Lors d’une soirée dégustation de bière artisanale dans le local de La Goutte d’Or, je suis sortie du local pour prendre l’air accompagnée d’une membre. De l’autre côté du trottoir, un groupe de jeunes gens buvaient eux aussi des bières, ils nous ont demandé ce que nous faisions à l’intérieur. Nous leur avons expliqué et leur avons proposé de rentrer goutter ce que le brasseur proposait. Ils ont refusé en prétextant que ce n’était pas leur monde. Une autre fois, lors d’une permanence dans le local, une femme d’une cinquantaine d’année est rentrée demander ce qu’on faisait. Nous lui avons expliqué le projet. Elle paraissait enthousiaste. Elle nous a demandé la date d’ouverture et nous a dit qu’elle nous laissait son numéro de téléphone pour la contacter si nous avions besoin d’une femme de ménage pour ce supermarché. Ces deux exemples, et j’ai vécu plusieurs expériences de ce genre lors de mes observations à La Louve, donnent à voir le décalage entre le projet et les attentes des personnes qui vivent dans ce quartier. »128

2.2.2 La création de valeur dans le quartier

Lors d’une discussion informelle avec des membres fondateurs de La Louve et des membres très impliqués, a été évoqué l’impact qu’aurait La Louve sur les commerces du quartier. L’un des intervenants, fondateur de La Louve, m’explique l’impact qu’a eu le supermarché PSFC sur le quartier, et anticipe ce qui se passerait dans le cas parisien :

« A New York, c’est ce qui s’est passé. C'est-à-dire que, en fait… cela fait monter la qualité de l’offre alimentaire même dans les petites supérettes… ce qu’on appelle les bodegas, enfin tu vois les petites… le truc où tu vas normalement pour acheter de la bière quand il est tard et… vraiment les petits commerces d’appoint, ils ont commencé à vendre de la bière artisanale… t’offrent des trucs bios… tu as tout hein. Donc, ils ont dû s’adapter.

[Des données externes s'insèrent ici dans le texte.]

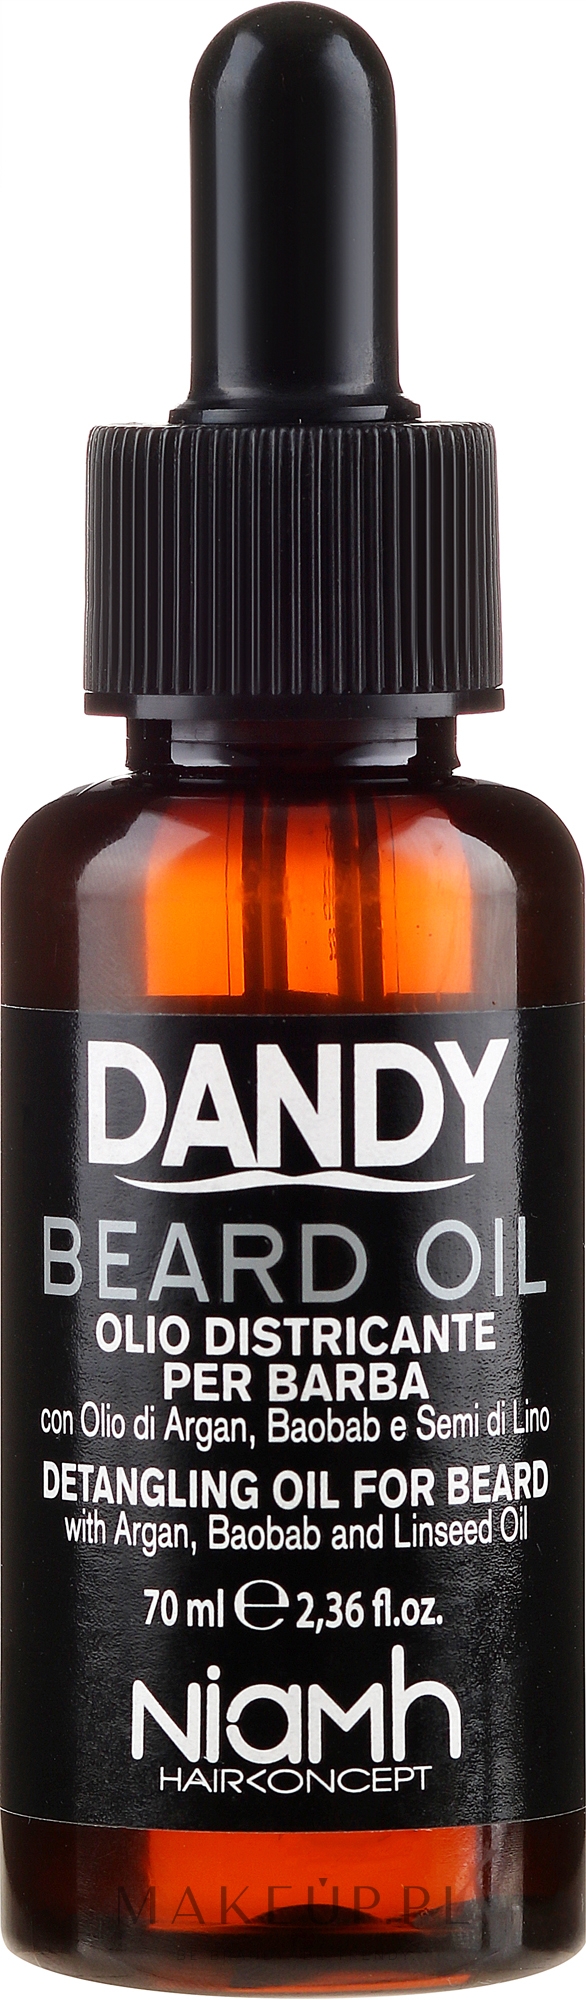 dandy beard & hair shampoo szampon do włosów i brody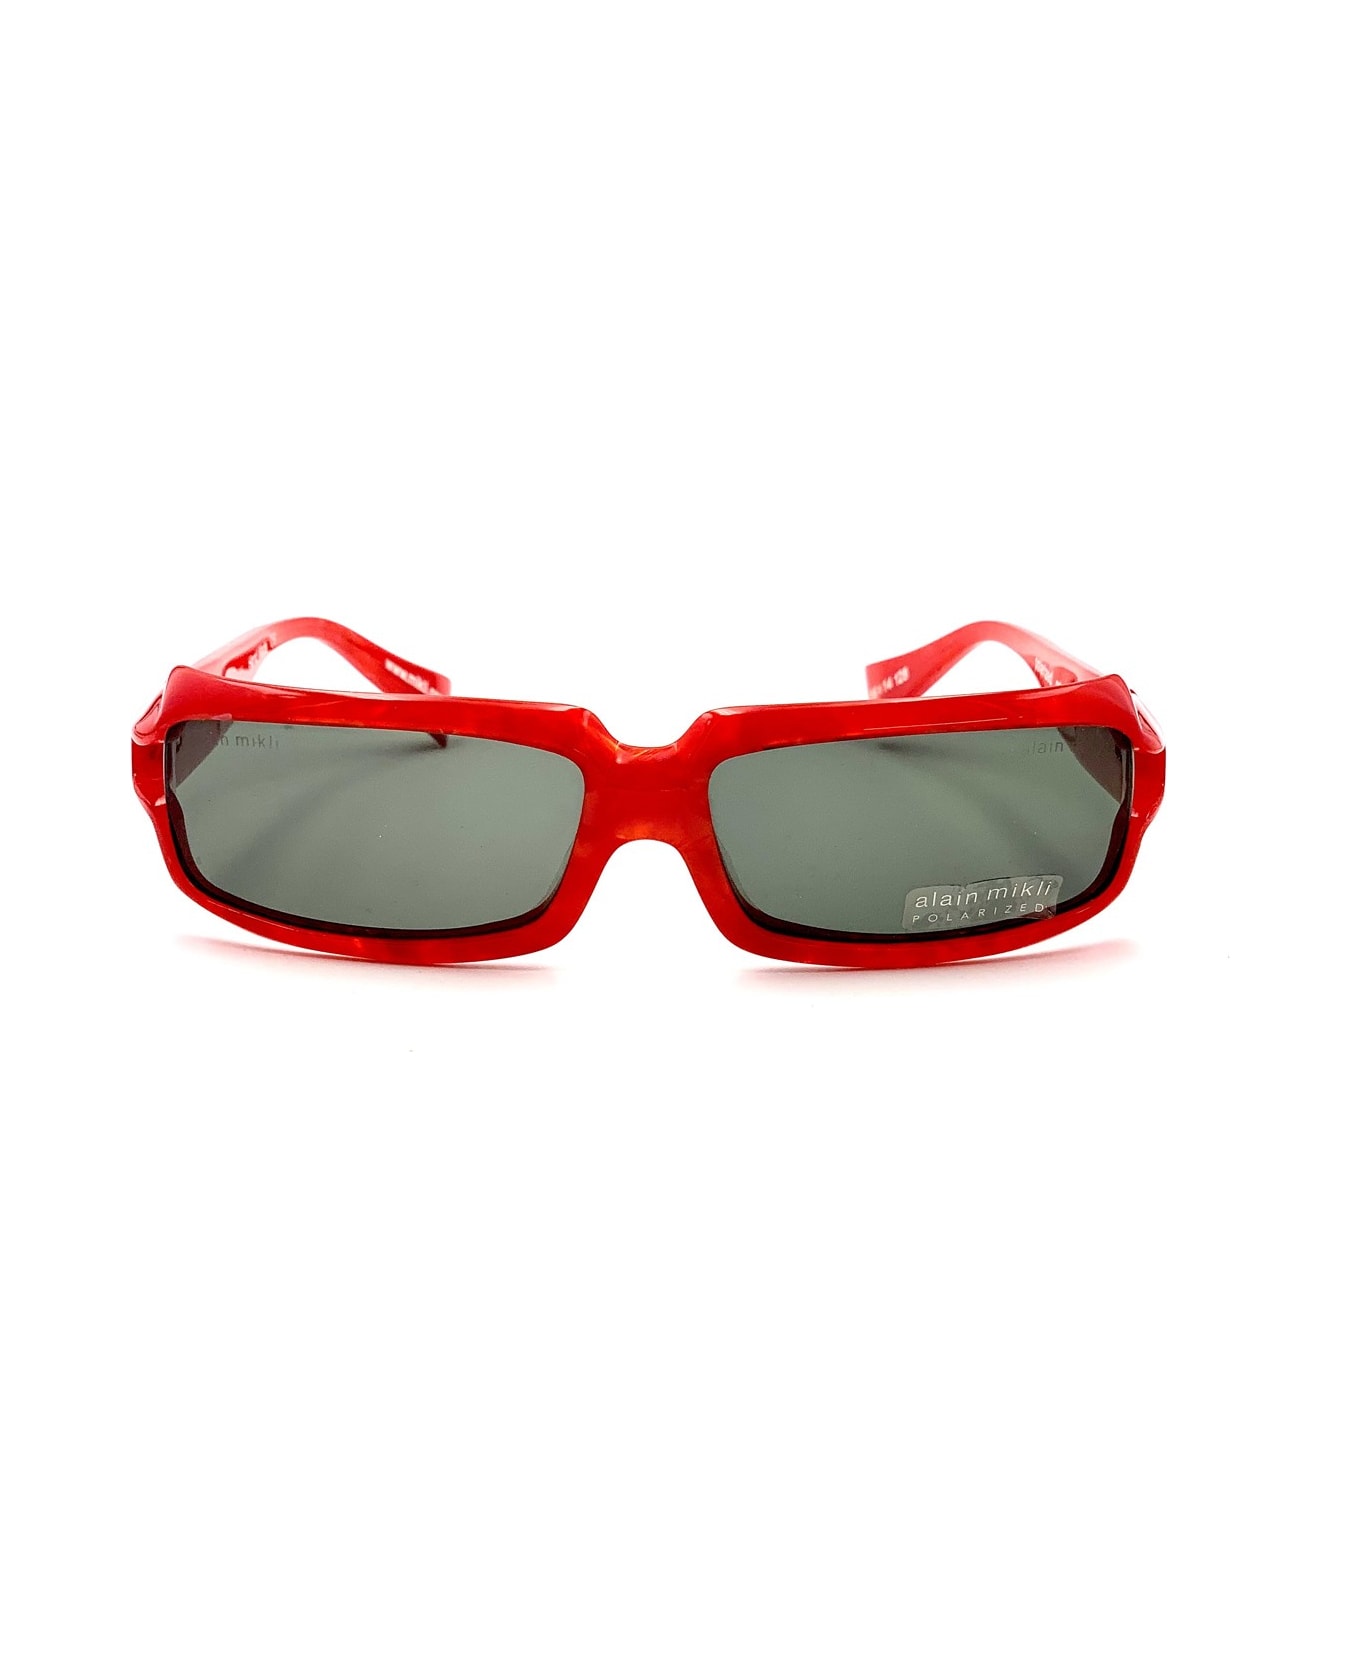 Alain Mikli A0488 Sunglasses - Rosso

Les gens leur demandaient : « vous savez que cela existe aussi des bières

A partir de cette explication, il anticipe la transformation que pourrait amener La louve : « Une fois que tu auras amené de la qualité à un prix plus abordable, cela va rendre moins intéressant de faire de la basse qualité. Et ce sera, peut-être chez le commerçant primeur qui se dirait[...] « En fait, si je faisais un peu plus, si je me remettais en cause, si je regardais un peu les producteurs et…et si j’essayais de vendre une meilleure qualité plus chère ? » A ce moment-là, il y aura peut-être des services que nous…parce que c’est trop compliqué à gérer…avec des gens qui ne travaillent que trois heures toutes les quatre semaines. Des services ! C'est-à-dire que ton primeur va peut-être se réinventer un peu… être presque plus un traiteur qu’un primeur à faire un service expliquant comment utiliser le produit. Tu vois ? Des services immatériels que les gens seront prêts…tu vois, qu’ils voudront mais qu’ils seront prêts à payer d’une certaine façon… cela vaut mieux pour tout le monde quoi. »130

Lors d’une Assemblée Générale, une coopératrice a posé une question sur l’impact du projet sur la création d’emploi dans le quartier. Elle a reçu comme réponse :

« Le groupe “écosystème” a repéré toutes les associations autour de La Louve avec lesquelles nous pourrions avoir des interactions, notamment pour diminuer notre empreinte environnementale. Mais nous n’avons pas fait une démarche spéciale et quantifiée pour créer des emplois. Cependant de façon assez naturelle nous générons une consommation dans les commerces de proximité, comme nous l’avons fait le 6 juin131 »132.

Ainsi, le projet se veut créateur de valeur dans le quartier où il s’installera faute de créer directement de l’emploi.